What these prices are telling us is that something big, ugly and damaging is happening within the banking sector. We just don’t know exactly what yet. And if you remember your history, this is eerily similar to how things went south so quickly in 2008. The banks started catching the sniffles, and soon after, Hank Paulson was on his knees begging Congress for the authority to stave off a full meltdown of the banking system.
And then there’s Energy. Can it be that the price of a barrel of oil was over $70 just 10 months ago? And over $100 five short months before that? Yesterday it was below $30. As we’ve been warning about here at Peak Prosperity, the carnage that collapse in price is going to wreak across the highly-leveraged companies in the Energy sector is going to be biblical. Not to mention the many other sectors that service the energy industry (trucking, housing, retail, infrastructure development, etc). We are just beginning to see the very early-stage ramifications, but in the words of Bachman Turner Overdrive: You ain’t seen nothin’ yet.
Conclusion
My point here is that the worm has turned.
All the stimulus and intervention undertaken by the Fed et al gave us five pleasant years (2010-2014) of rising stock, bond and home prices that allowed us to pretend that the 2008 credit crisis was a one-time event.
2015 proved to be the year that reality intervened. The rocket ride we were on hit its zenith, and things hung precariously there.

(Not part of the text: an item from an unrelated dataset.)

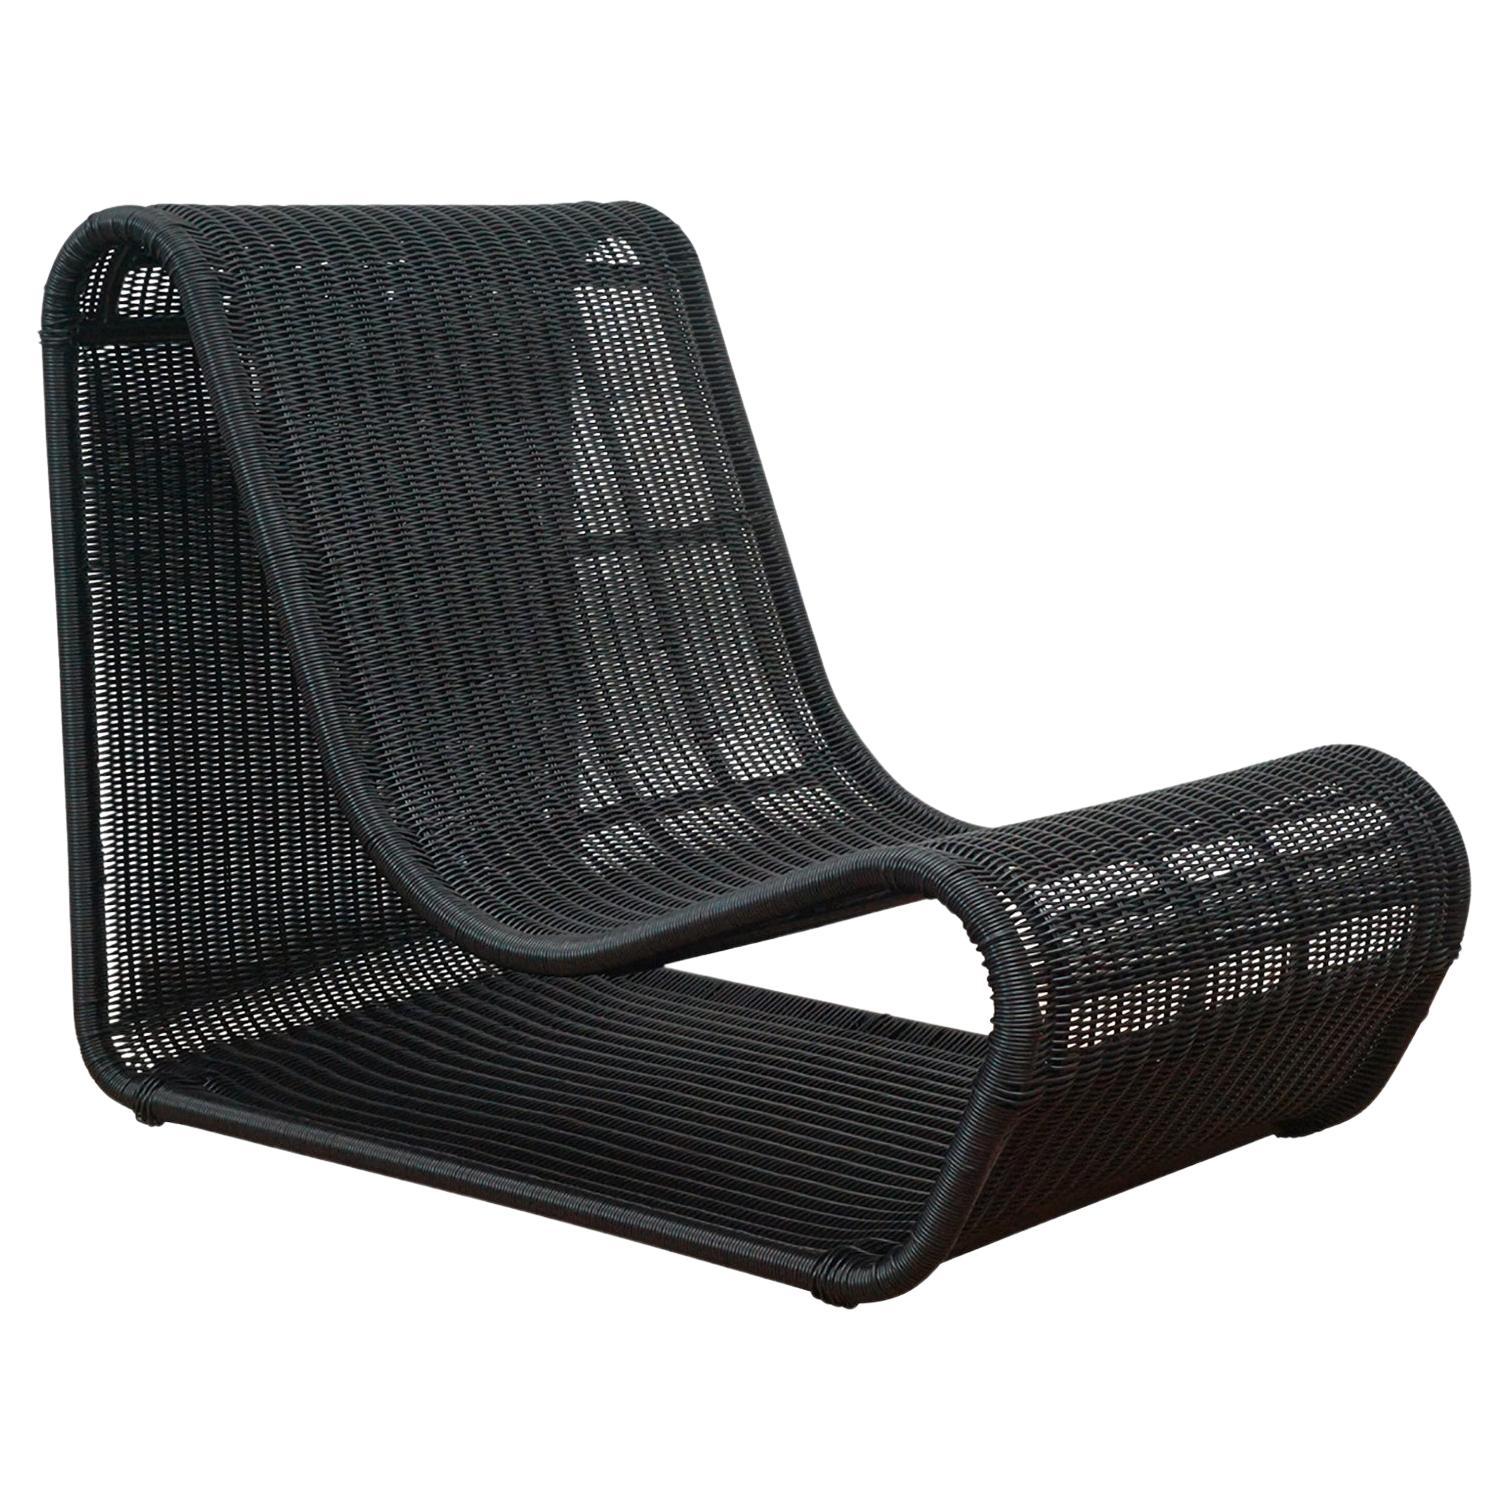 Nos chaises longues d'extérieur Esperanza sont conçues pour le style, le confort et la durabilité. Inspirée de la chaise Looping classique de Willy Guhl, la chaise longue d'extérieur Esperanza est construite avec un cadre métallique durable et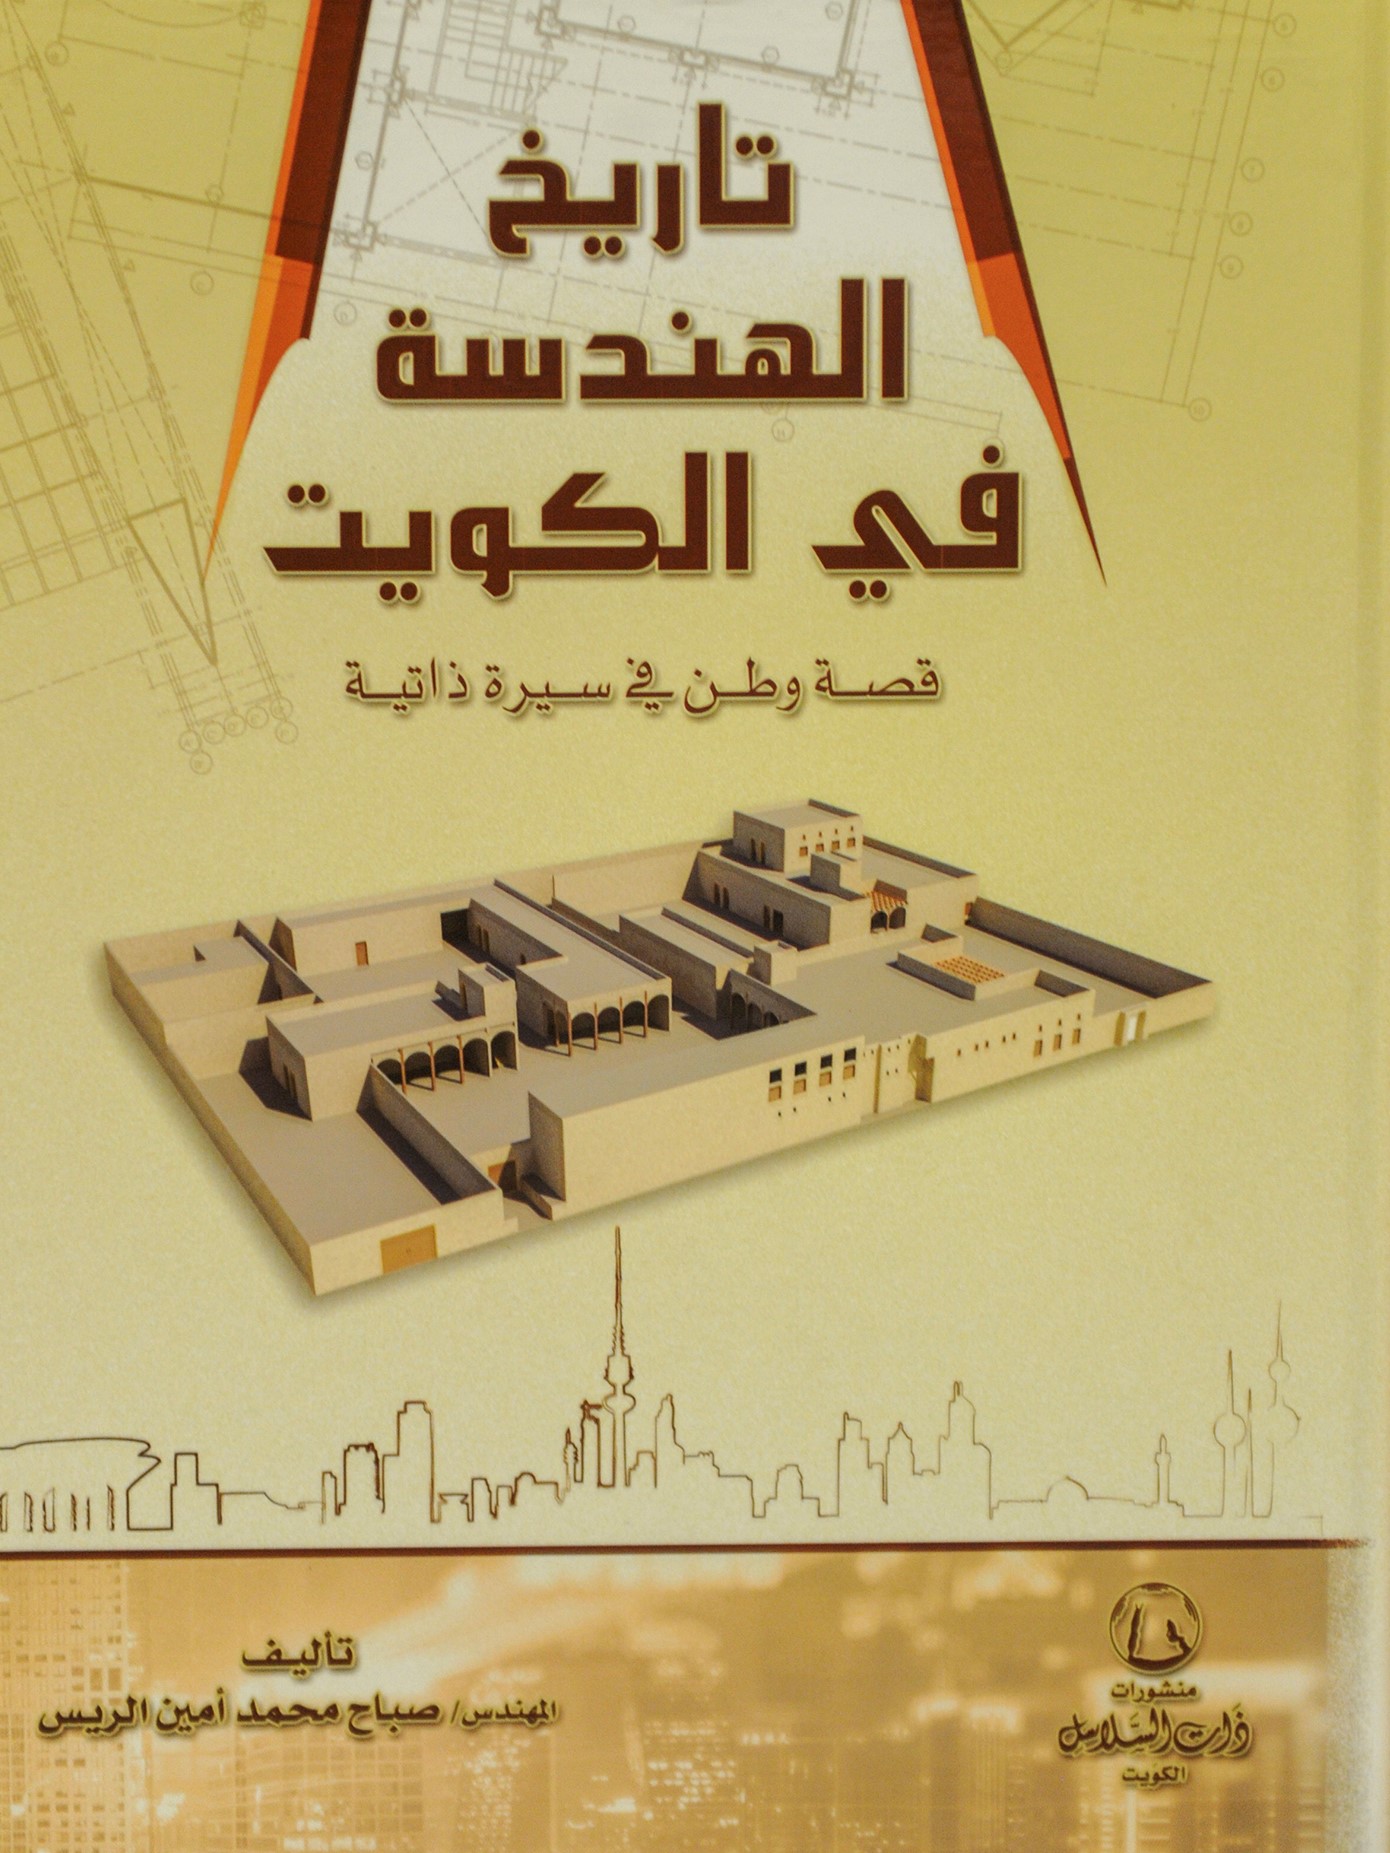 تاريخ الهندسة في الكويت: قصة وطن في سيرة ذاتية

2016 is fast proving to be the year that the laws of physics are starting to matter again, and our rocket is now beginning its descent back to Planet Earth. How far we fall this year vs next is still unknown, but the direction of the trajectory is becoming increasingly hard to dispute. And as we lose altitude, we’re going to start losing jobs along with it.
So, for anyone reading this who is a salaried employee, a very important question to ask yourself is: Do I have a Plan B in place if I get unexpectedly laid off this year or next?
I’m not trying to frighten anyone unnecessarily. But I do see the probability of wide-scale jobs losses as materially higher this year than it was just a few short months ago. And with the headlines in the news today, things can easily accelerate further from here.
If you do not have a confidence-inspiring Plan B lined up yet, remember that the best time to plan for crisis is before it arrives. Spend time asking yourself what you would do in the aftermath of a pink slip. Save a greater percentage of your income, line up professional contacts, conduct informational interviews, and develop any needed new skills now — so that if you ever do need to turn to them, they’re already there to support you. A lot of the process for doing this is detailed in our book on career transition, and our related podcasts with career coach Jennifer Winn and the Johnson O’Connor Foundation are helpful resources, too.
Investing in the other Forms of Capital (besides money) that we detail in Prosper! will only help add to your resilience, as well. Especially Emotional Capital. Dealing with job loss is stressful by itself, but potentially doing so in the midst of another punishing Great Recession would place challenging strain on any of us. Working to improve our emotional ability to deal with setback, as well as perhaps doing the same with Social Capital — ensuring you have a community to support you through any tough times — just makes good sense.